Amiens claims to have been badly damaged in both World Wars and that is why a lot of the old buildings are no longer there. However, the ‘miraculous’ sparing of the tourist-magnetic Gothic cathedral may reveal a darker truth.
My own theory is that there was a more recent covert operation to surreptitiously remove all the quaint little medieval buildings one by one. I reckon they demolished them at the rate of one a night whilst everyone was asleep. Over a couple of months, and before anyone had noticed, they’d managed to transform Amiens into Croydon i.e. a vacuous place with nothing but coffee, phone, sportswear and betting shops.
So now Amiens is a bustling shopping hub with little charm, unless you are a caffeine-addicted text-junky gambler with a penchant for labels being worn on the outside of your inflammable tracksuit bottoms. Making a French city into one huge shopping-mall is all well and good, but if you are visiting from the UK you’ll find that your meek and subservient English pound will currently buy you sod-all when it locks horns with the mighty Euro. At the latest exchange rate I was able to buy only a postcard, a croissant and an onion for £523. And that was after haggling over the onion.

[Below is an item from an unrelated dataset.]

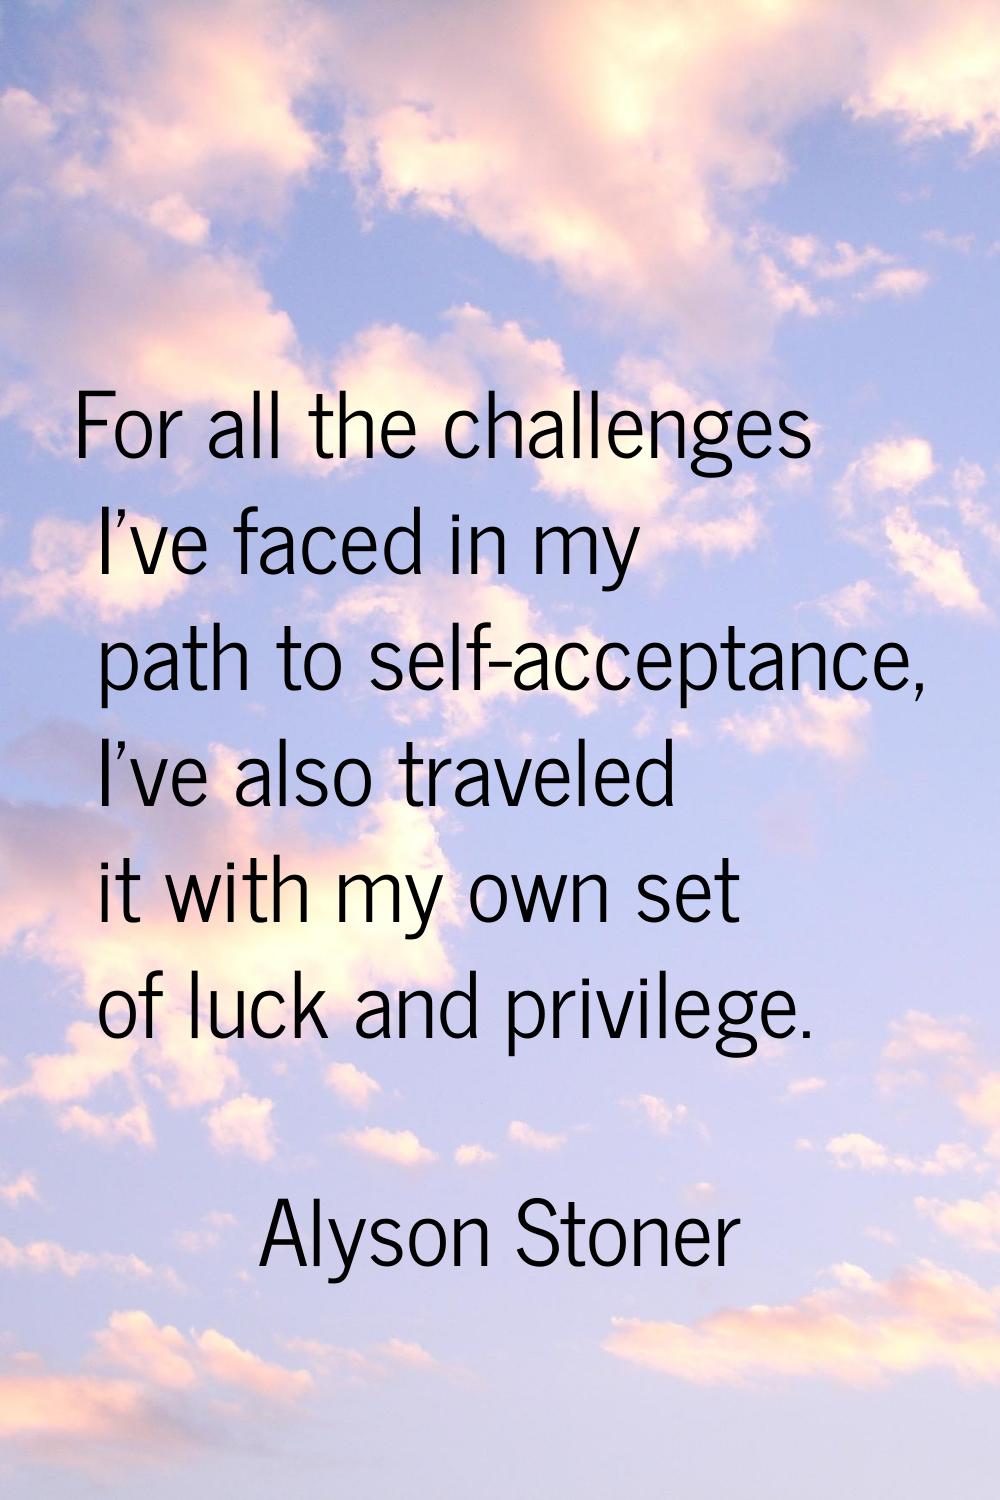 For all the challenges I've faced in my path to self-acceptance, I've also traveled it with my own 
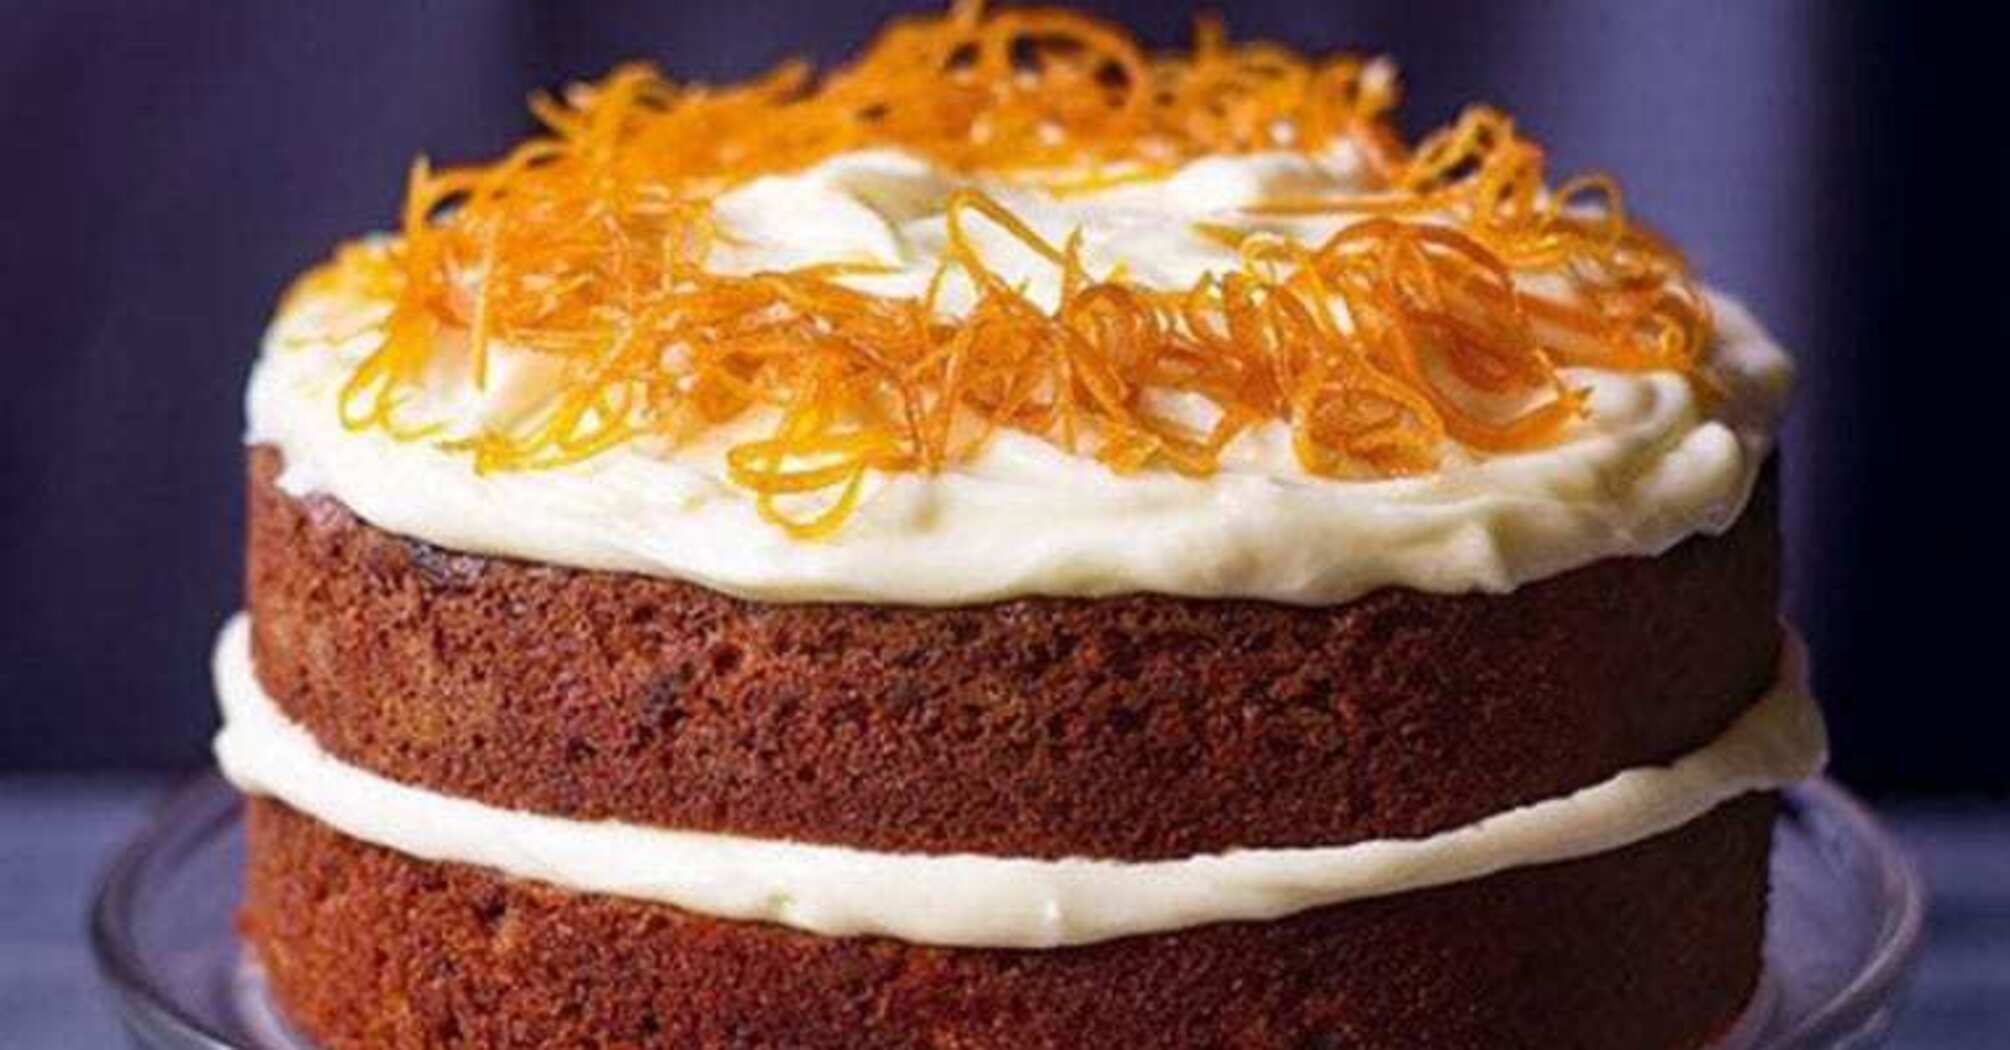 Sweet carrot cake: it turns out to be very fluffy and tender

Having said that, there is a very nice zoo in Amiens where I was able to negotiate with a gibbon over a banana. The banana was a snip at only £68. Also included in your entrance price are amusing penguins and smelly elephants.
Rather than banana-trading with streetwise gibbons, a much more profitable time with animals can be found at Amiens Hippodrome. This is a race track for horses, not hippopotami. They don’t race hippos any more, that was banned many years ago along with mole-teasing and weasel-sharpening.
As well as seeing which horse can run the fastest, as you would expect at the races, they also engage in a continental oddity called ‘trotting’. Trotting is where the jockey sits in a little chariot right behind the horse’s bum. This can be mighty unpleasant if the horse suddenly slams on its brakes. There’s a French charity that exists to provide mental-health support to jockeys that have been traumatised by having seen far too much of the inside of a horse’s rectum.
In ‘trotting’ the horses have to run in a certain way, i.e. a trot, and they are not allowed to break into an all-out sprint. To ensure fair play there is a mini-bus full of referees that follow the horses around to make sure they trot properly and they aren’t tempted into a sneaky gallop. They also watch out for Ben-Hur type blades coming out of the chariot wheels.
On the evening I visited the Hippodrome I was quite clever with my investments and I managed to make a profit of two Euros on my bets. This may seem like a small amount but once I got home, and exchanged my money into English pounds, this was enough to buy a three-bedroom house in Chelsea.